# I need a very very high quality masonry bit - Help Needed badly.



## epson (Jul 28, 2010)

did you buy these bits? 


You can also try using liquid nails to secure your wood paneling to the wall as well.


----------



## MooseWoodworks (Dec 30, 2010)

epson said:


> did you buy these bits?
> 
> 
> You can also try using liquid nails to secure your wood paneling to the wall as well.


 
I did buy those bits. And yes I am using liquid nails. About one 28oz tube per panel.


----------



## epson (Jul 28, 2010)

Are you using a normal drill? If so that is your problem. You should be using a hammer drill…


----------



## PaliBob (Jun 11, 2008)

WarEagle86 said:


> ...... I am using liquid nails. About one 28oz tube per panel.
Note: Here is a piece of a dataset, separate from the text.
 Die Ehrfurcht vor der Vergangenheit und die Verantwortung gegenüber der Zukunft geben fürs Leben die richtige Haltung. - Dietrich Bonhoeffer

 Liquid Nails is a Brand name that covers scores of adhesives.
There are three types of Liquid Nails Panel Adhesives:
LN 606....Non-Solvent, (The Home Depot)
LN 710....Non-Solvent, low VOC
LN 910....Solvent

The LN 606 claims to have an Instant-grab formula if the Application Directions for Instant grab are followed so I do not see why you need to drill holes in the plaster. Also note the manufacturer claims that a 10 oz tube will hold a 4'x8' sheet so using a 28oz tube per panel should provide plenty of strength. 
.


----------



## Ron6519 (Mar 28, 2007)

WarEagle86 said:


> I'm hanging wood paneling over plaster walls in my living room. I'd like to avoid removing the plaster as it is very solid and would add a lot of cost to my living room project. The masonry bits I purchased from Home Depot aren't cutting. They are burning up after drilling one hole.
> 
> I need a source for some serious kick ass masonry bits. Do you guys know any manufacturers that make a masonry bit designed for heavy hardcore use?


I don't understand why you need a masosary bit to install paneling on a wall.
Construction adhesive and a pin nailer is all you need.
Ron


----------